Think what we will achieve when – and it is a matter of when – we understand 1 or 2 percent, let alone 5 or 10 percent.

But how we design the emerging technologies behind these breakthroughs – and what values inform their design –will shape the future of humanity. That is my point to you tonight my friends, my Excellencies –

At stake is whether we bequeath an Orwellian world, designed for censorship, repression and control,

or a world of emancipation, debate and learning, where technology threatens famine and disease, but not our freedoms.

Seven decades ago, this General Assembly adopted the Universal Declaration of Human Rights with no dissenting voices,

uniting humanity for the first and perhaps only time behind one set of principles.

And our declaration – our joint declaration – upholds “freedom of opinion and expression”,

the “privacy” of “home or correspondence,”

and the right to “seek…and impart information and ideas”.

Unless we ensure that new technology reflects this spirit, I fear that our declaration will mean nothing and no longer hold.

So the mission of the United Kingdom and all who share our values must be to ensure that emerging technologies are designed from the outset for freedom, openness and pluralism,

with the right safeguards in place to protect our peoples.

Month by month, vital decisions are being taken in academic committees, company boardrooms and industry standards groups.

They are writing the rulebooks of the future, making ethical judgements, choosing what will or will not be rendered possible.

Together, we need to ensure that new advances reflect our values by design.

There is excellent work being done in the EU, the Commonwealth, and of course the UN,

which has a vital role in ensuring that no country is excluded from the wondrous benefits of this technology, and the industrial revolution it is bringing about.

But we must be still more ambitious.

We need to find the right balance between freedom and control; between innovation and regulation; between private enterprise and government oversight.

We must insist that the ethical judgements inherent in the design of new technology are transparent to all.

And we must make our voices heard more loudly in the standards bodies that write the rules.

Above all, we need to agree a common set of global principles to shape the norms and standards that will guide the development of emerging technology.

So – here’s the good news – I invite you next year to a summit in London, a wonderful city, where by the way it is not raining 94 per cent of the time, and where at one stage – when I was Mayor of London – we discovered that we had more Michelin starred restaurants even than Paris. The French somehow rapidly recovered – by a process that I wasn’t quite sure was entirely fair.
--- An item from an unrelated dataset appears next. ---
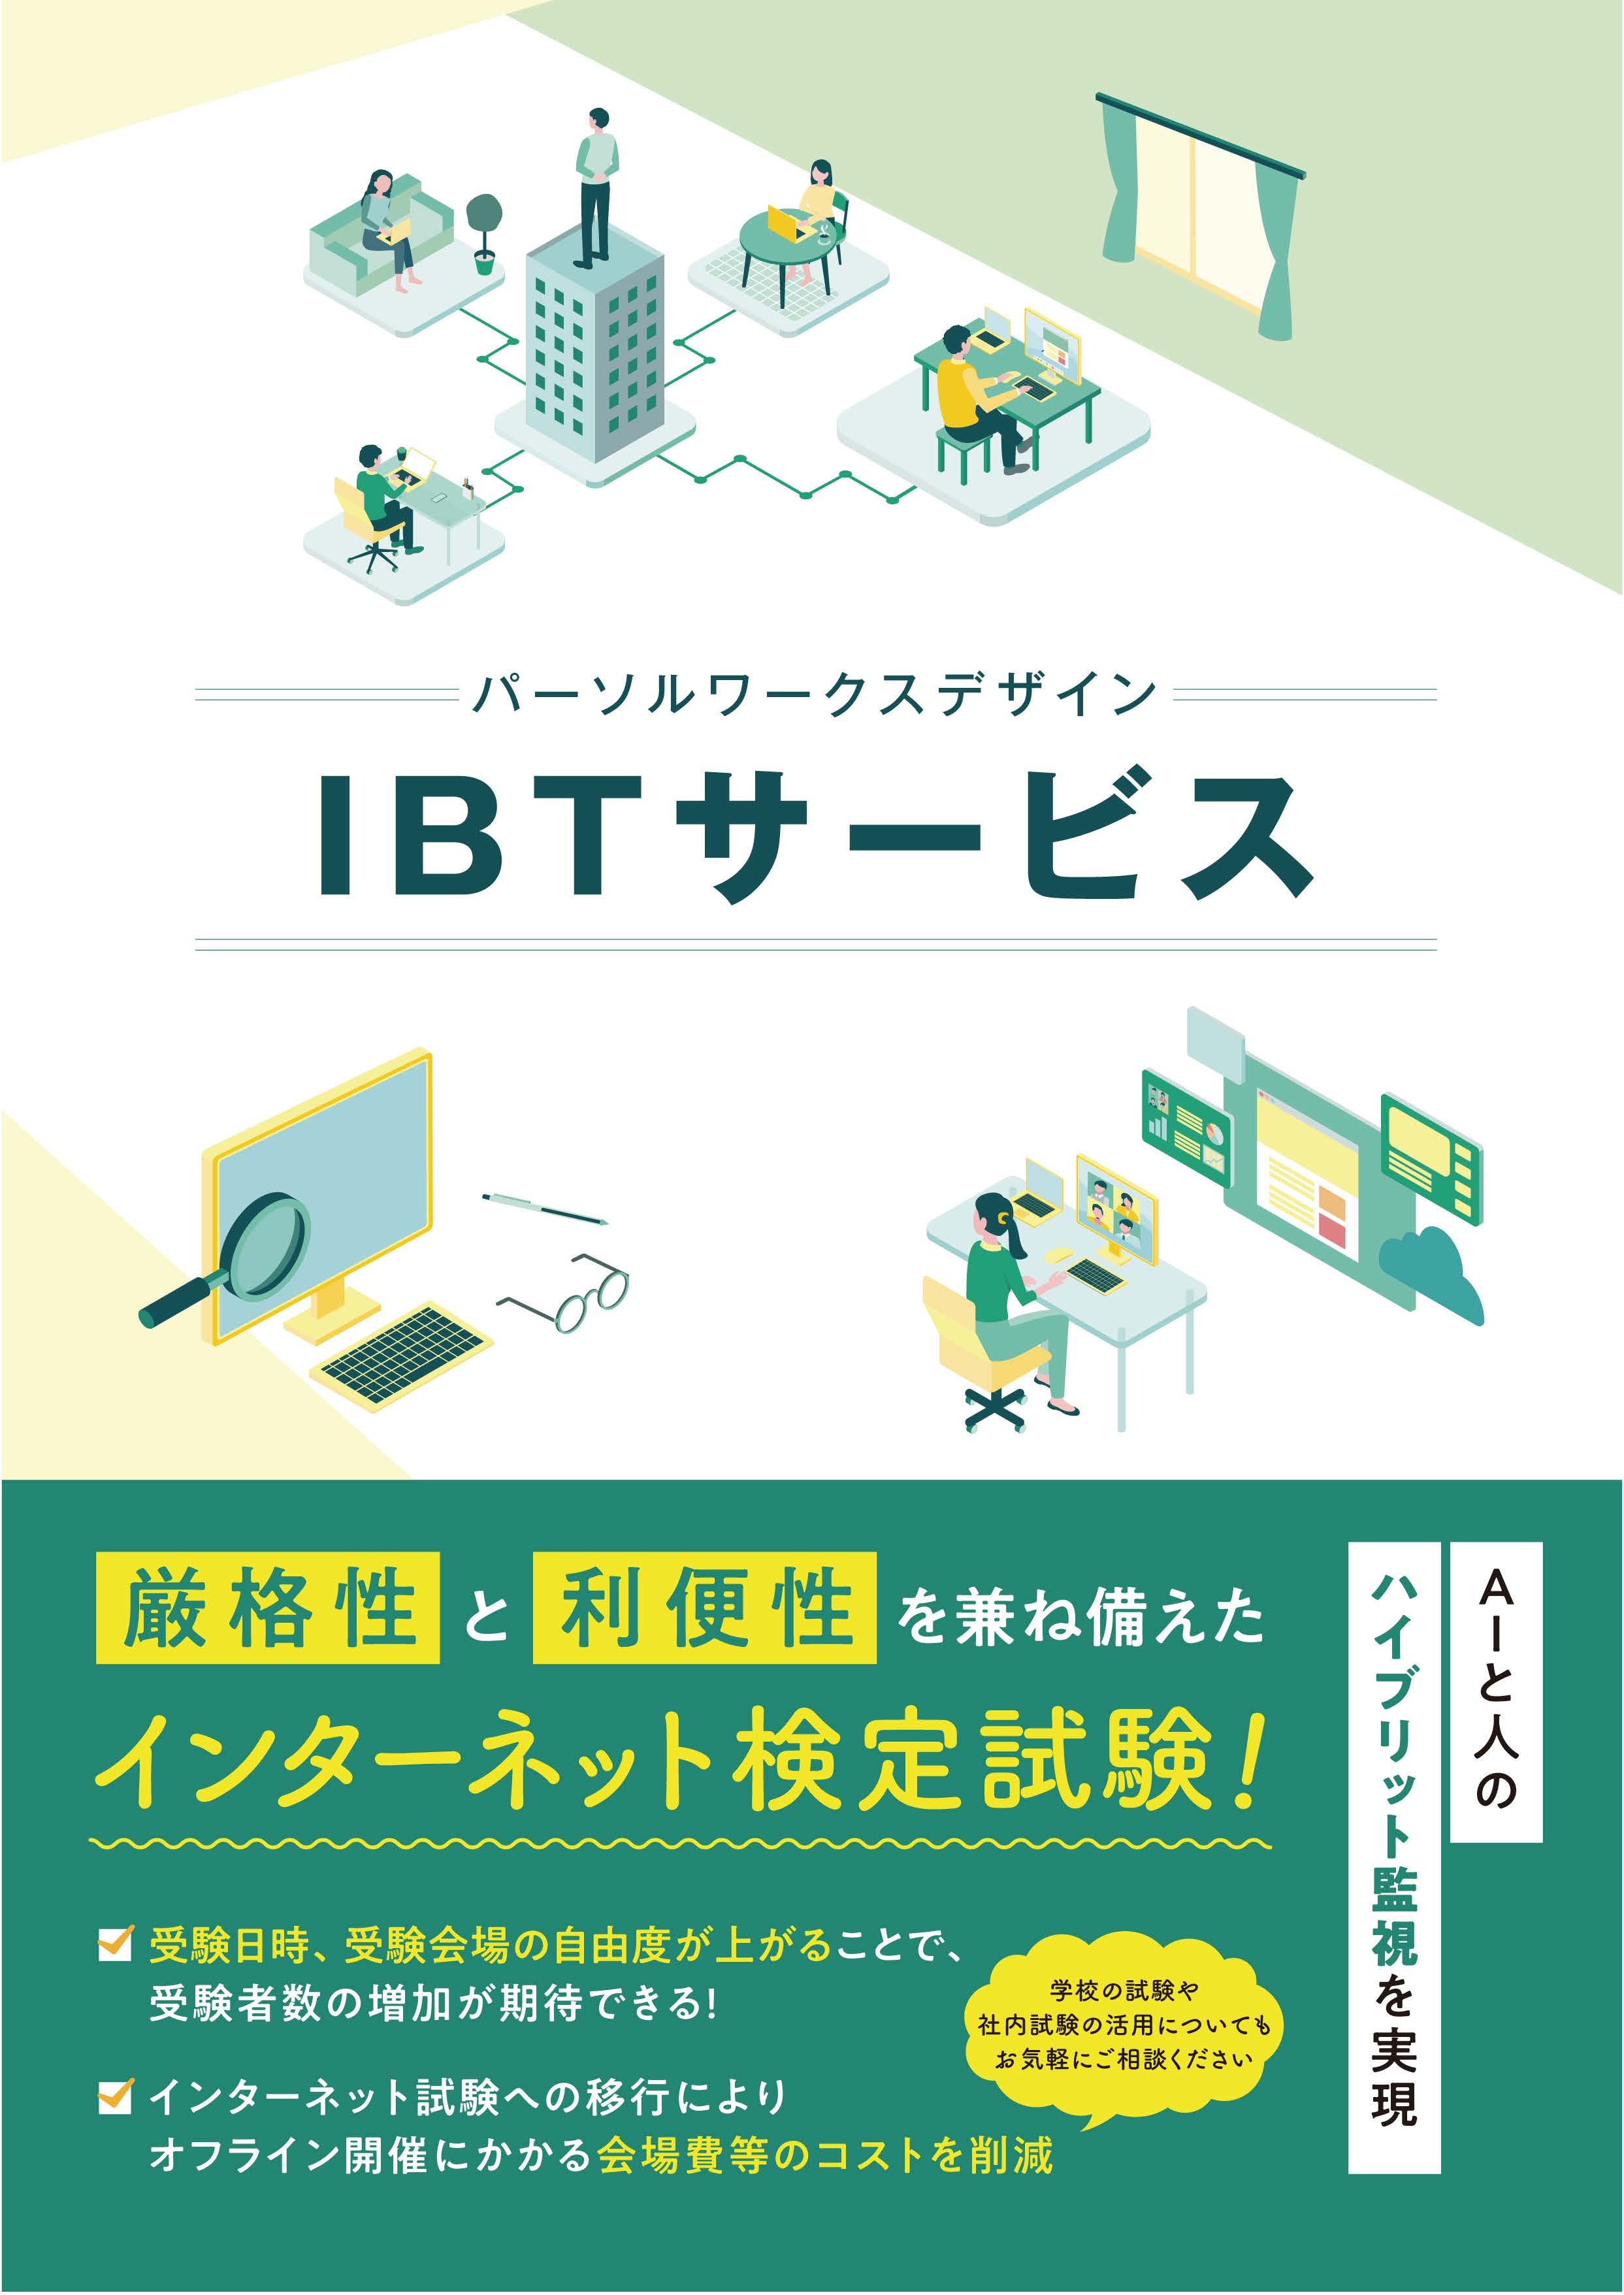 インターネット検定試験「IBTサービス」_ページ_01

But we still have by far, in the UK, by far the biggest tech sector – fintech, biotech, meditech, nanotech, green tech – every kind of tech – in London – the biggest tech sector anywhere in Europe, perhaps half a million people working in tech alone.

I hope you will come there, where we will seek to assemble the broadest possible coalition to take forward this vital task

Building on all that the UK can contribute to this mission as a global leader in ethical and responsible technology.

If we master this challenge – and I have no doubt that we can – then we will not only safeguard our ideals,

we will surmount the limits that once constrained humanity and conquer the perils that once ended so many lives.

Together, we can vanquish killer diseases, eliminate famine,

protect the environment and transform our cities.

Success will depend, now as ever, on freedom, openness and pluralism,

the formula that not only emancipates the human spirit, but releases the boundless ingenuity and inventiveness of mankind,

and which, above all, the United Kingdom will strive to preserve and advance.

Excellencies, Ladies and Gentlemen, thank you for your kind attention.